━━ PROVIDED MATERIAL ━━

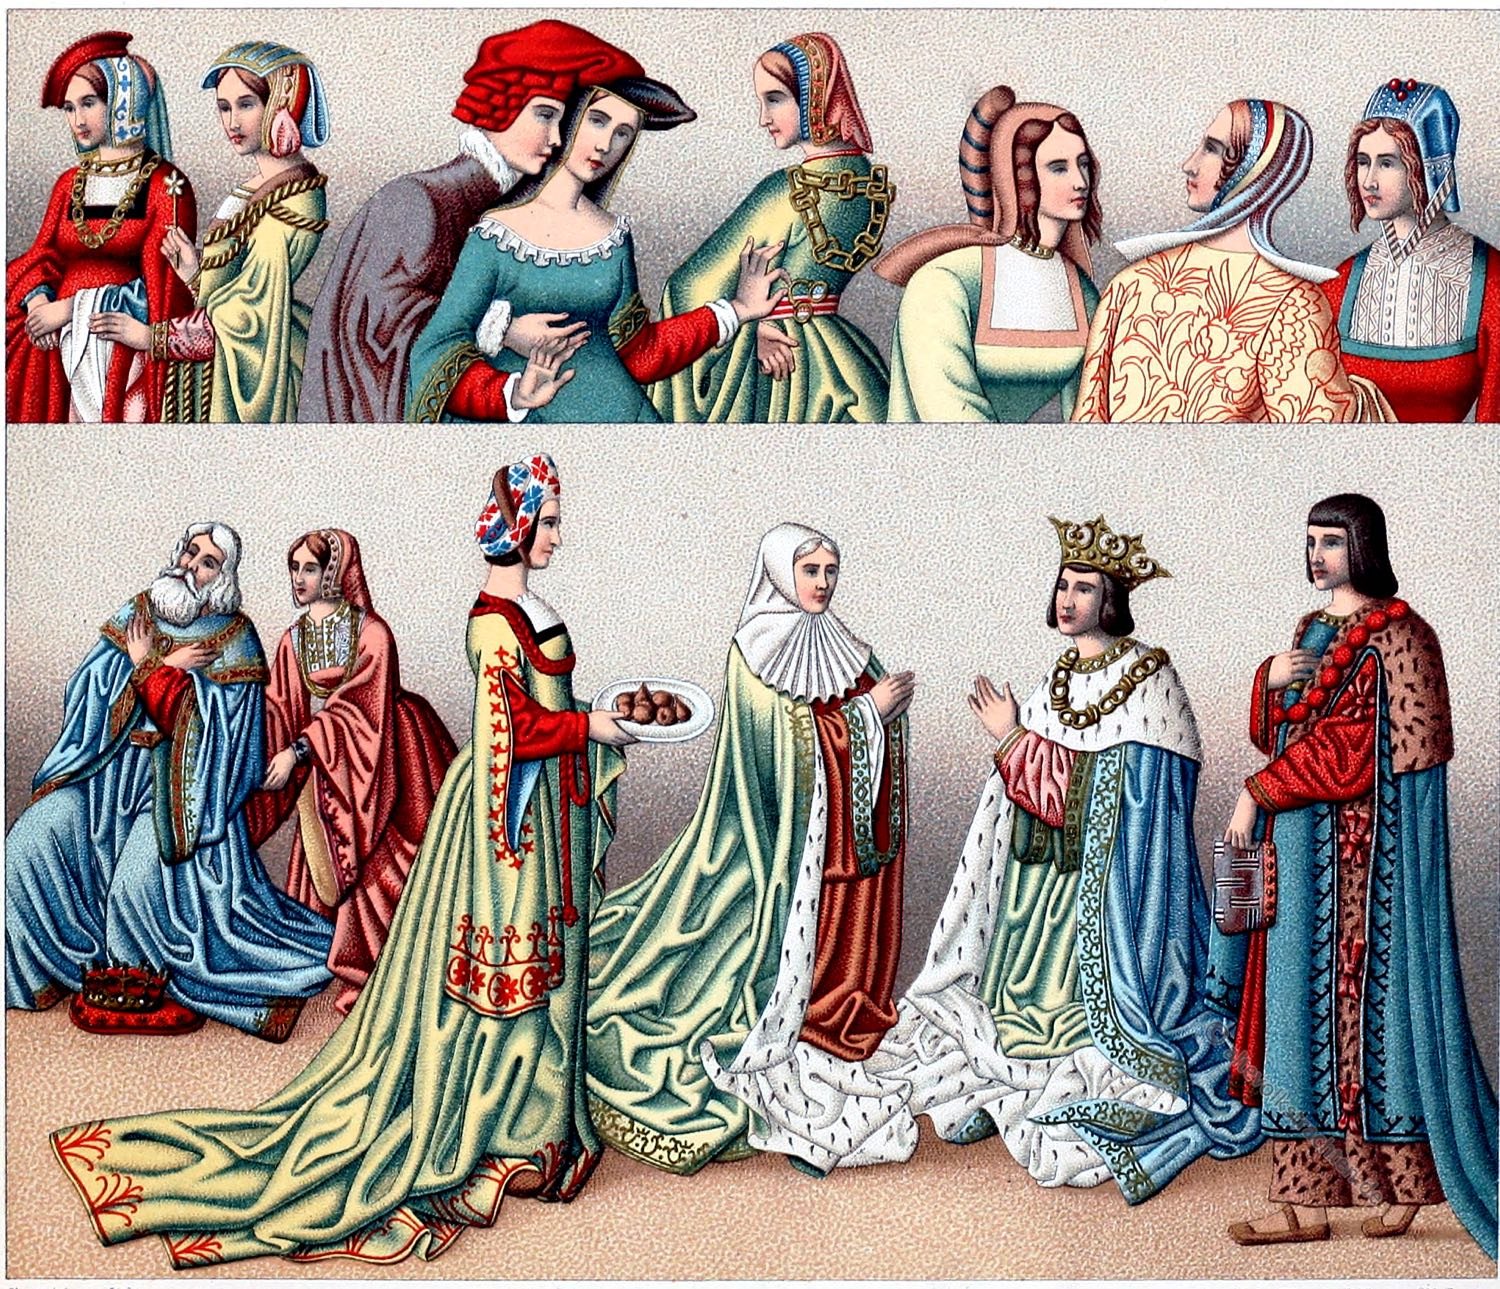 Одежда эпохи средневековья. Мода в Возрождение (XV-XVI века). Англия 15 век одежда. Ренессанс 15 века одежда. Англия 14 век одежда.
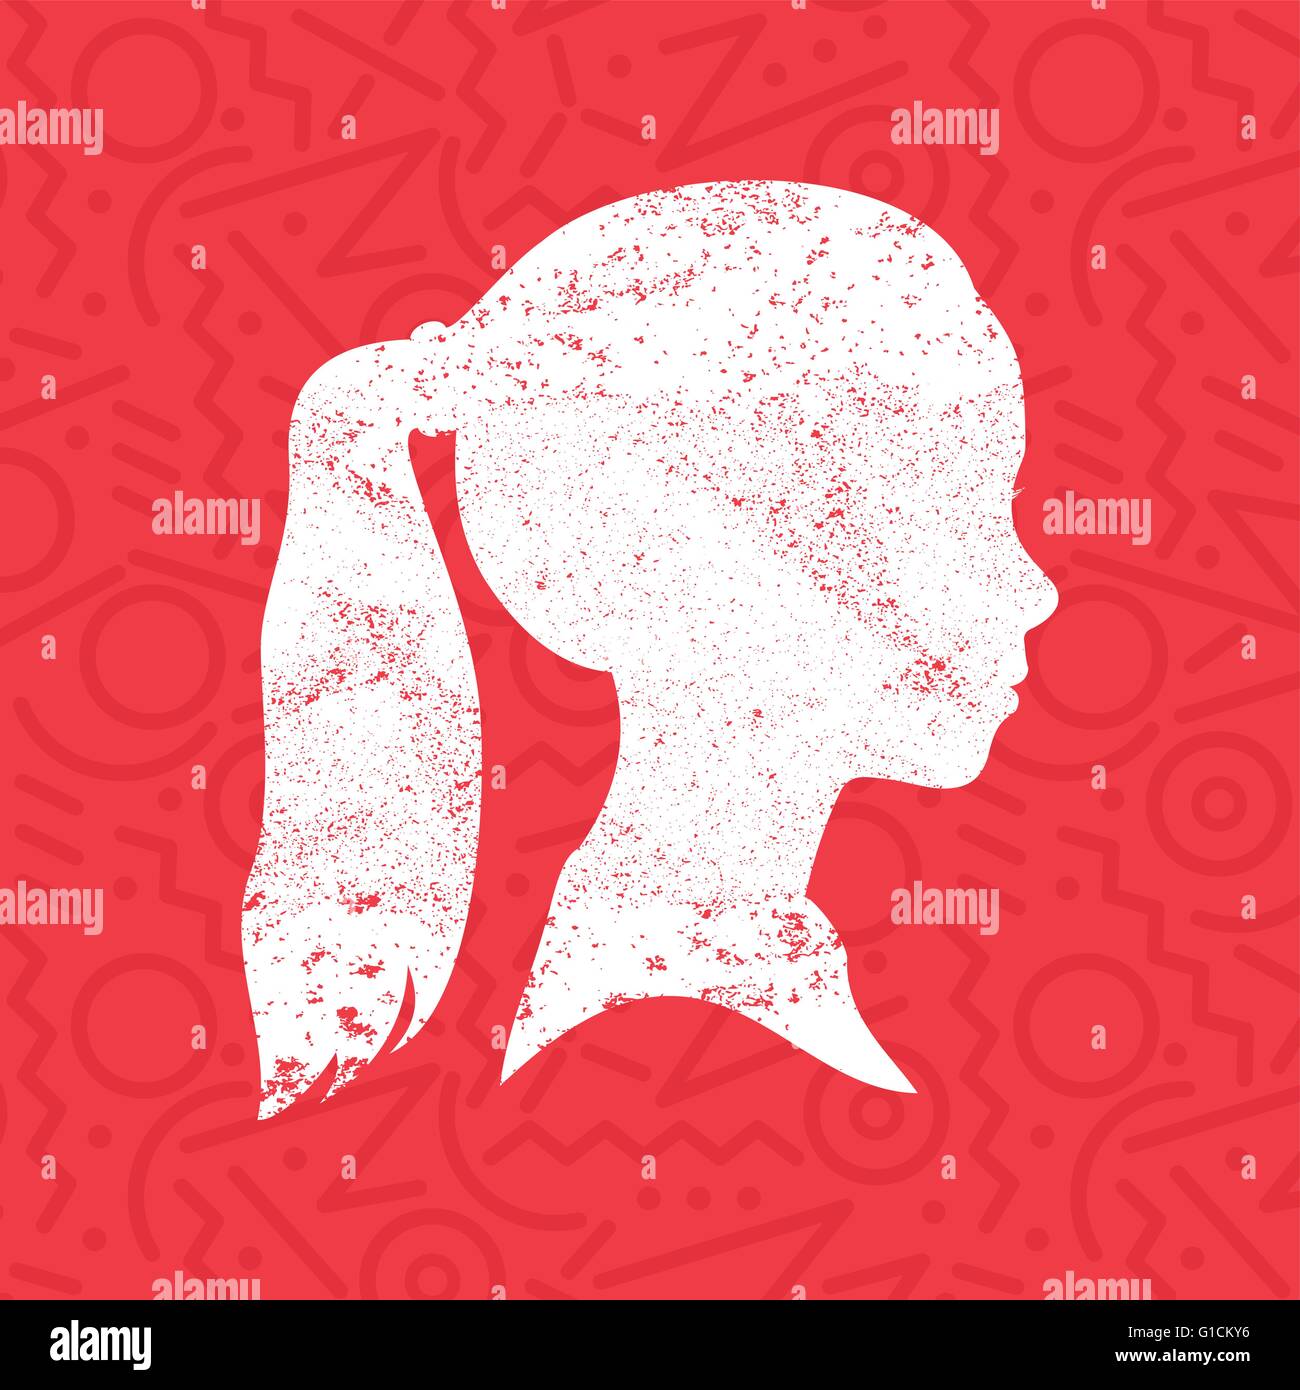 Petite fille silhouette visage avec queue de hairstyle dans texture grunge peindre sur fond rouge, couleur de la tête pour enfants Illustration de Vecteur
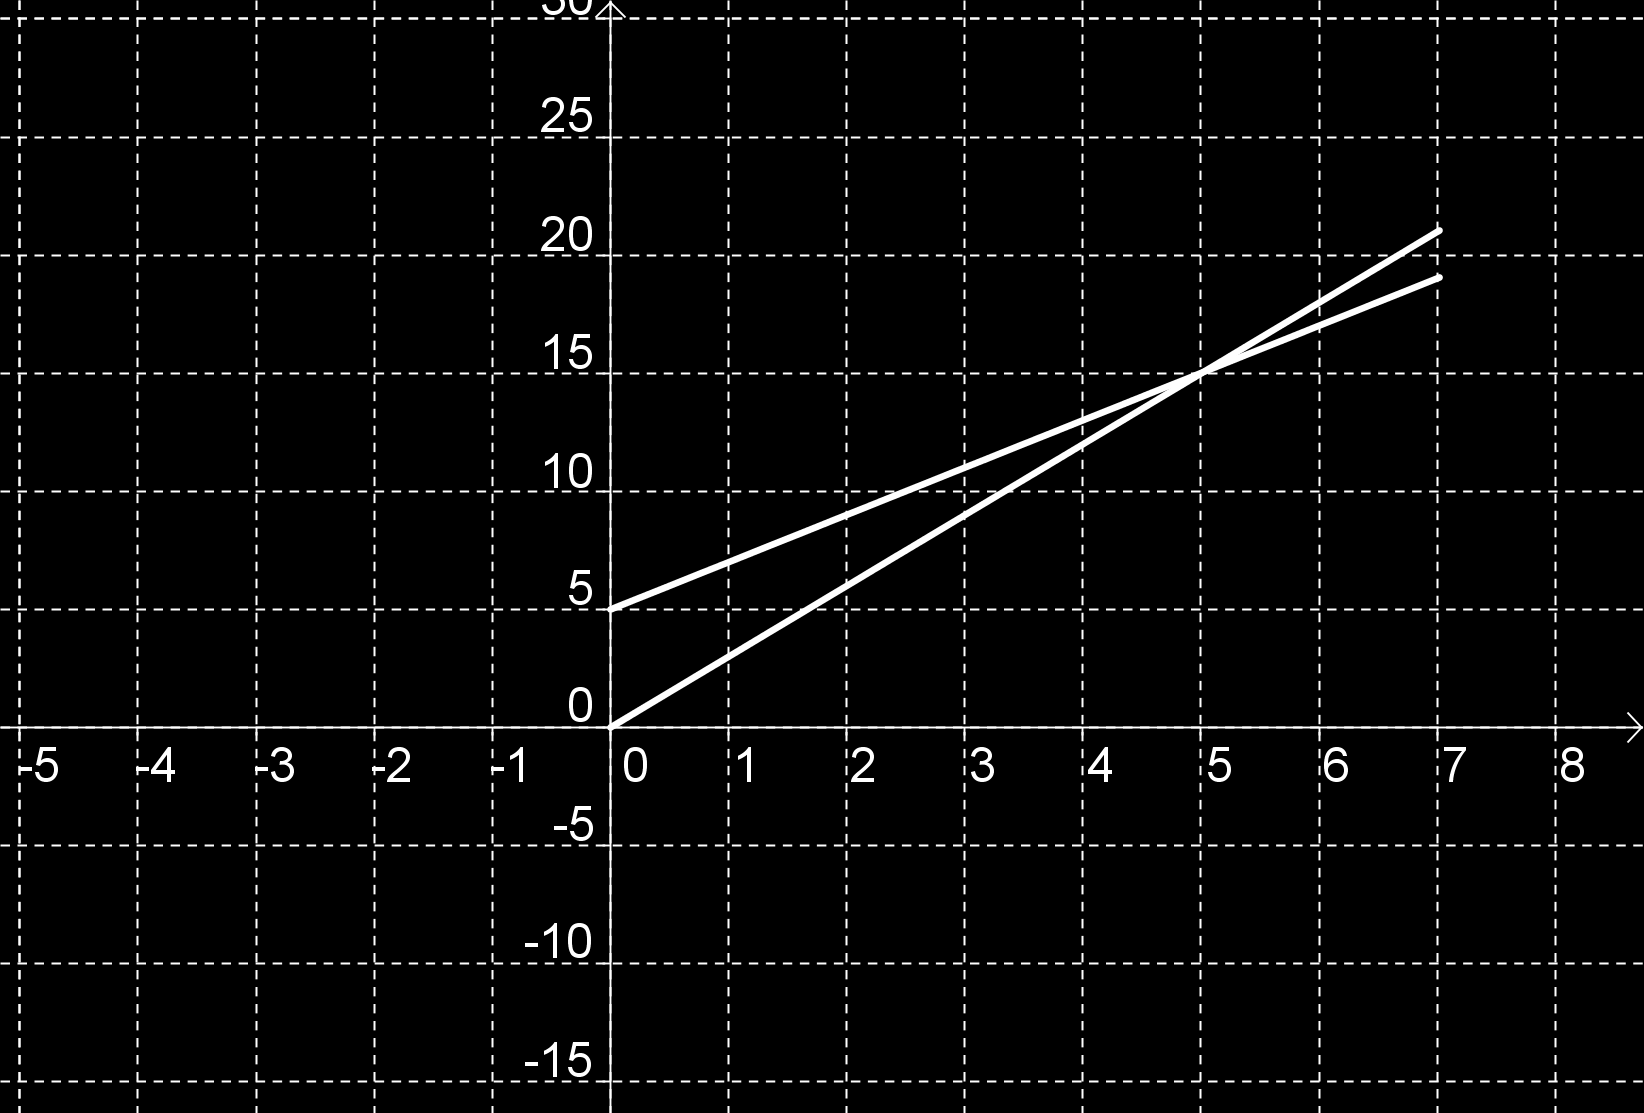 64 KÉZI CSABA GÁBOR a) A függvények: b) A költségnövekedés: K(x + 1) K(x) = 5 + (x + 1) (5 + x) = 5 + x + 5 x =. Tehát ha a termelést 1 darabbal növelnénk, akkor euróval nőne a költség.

━━━

— TASK TO COMPLETE —
Return each line of the data, keeping its wording exact and omitting pictures.

— EXERCISE ANSWER —
 Одежда эпохи средневековья. Мода в Возрождение (XV-XVI века). Англия 15 век одежда. Ренессанс 15 века одежда. Англия 14 век одежда.
 Petite fille silhouette visage avec queue de hairstyle dans texture grunge peindre sur fond rouge, couleur de la tête pour enfants Illustration de Vecteur
 64 KÉZI CSABA GÁBOR a) A függvények: b) A költségnövekedés: K(x + 1) K(x) = 5 + (x + 1) (5 + x) = 5 + x + 5 x =. Tehát ha a termelést 1 darabbal növelnénk, akkor euróval nőne a költség.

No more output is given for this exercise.